With all the seemingly infinite advantages of AI, any initiatives in this regard should be thoroughly analyzed and carefully deployed. Small businesses are especially prone to making mistakes.

AI may seem like a kind of Swiss Army knife cutting through all the challenges small businesses face. However, consider this as another investment for your business to tackle one particular problem. The most effective AI solutions stem from actual business challenges. Many AI solutions are flashy, elegant, and fascinating to talk about, but they provide little value.

Figuring out the reason for AI implementation is the most important part of your adoption plan. In many cases, choosing to approach a particular problem without AI at all is the best decision. How exactly will the deployment of an AI solution provide ROI and how soon? The common trap that ambitious small businesses fall into is implementing AI to ‘find insights’. Insights, however, never directly increase your sales or market reach, but decisions based on those insights do.

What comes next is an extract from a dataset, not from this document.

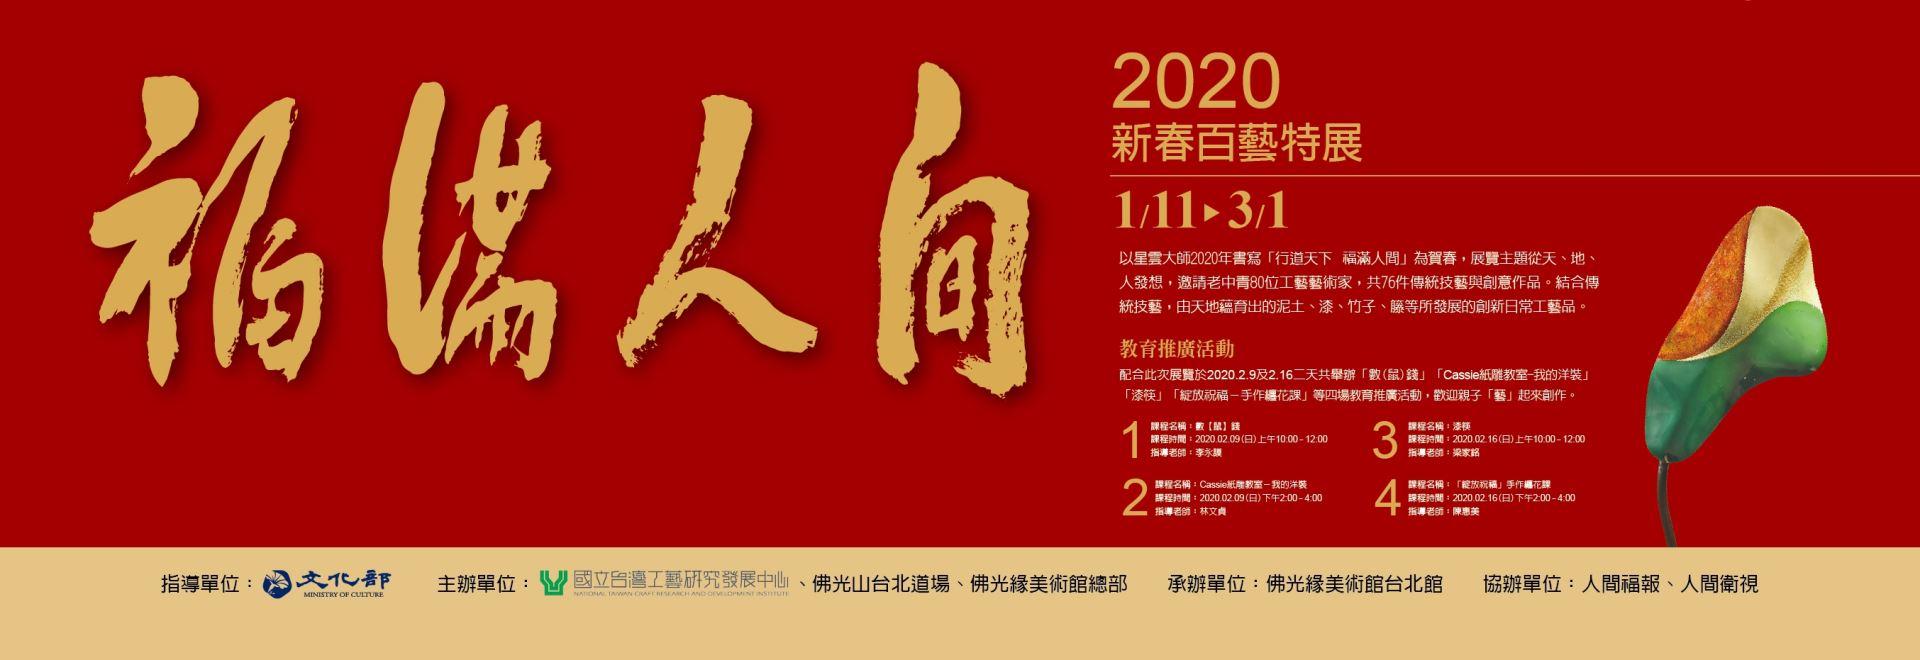 福滿人間-2020新春百藝特展「另開新視窗」

Next, establish a proper data governance infrastructure. Hiring AI developers without a clear data plan is a sure way to waste money and resources. Moreover, data-based technologies will disrupt your niche sooner or later. Being prepared for this revolution with all the data being clean, structured, and consolidated in one place will get you a long-term competitive edge.

Unless there is a very specific use case, there is no need to rush AI implementation right now. Instead, focus on the research and begin preparing your organizational culture and data for the inevitable coming of mainstream AI.

Deploying AI solutions without a clear data plan is a sure way to waste money and resources.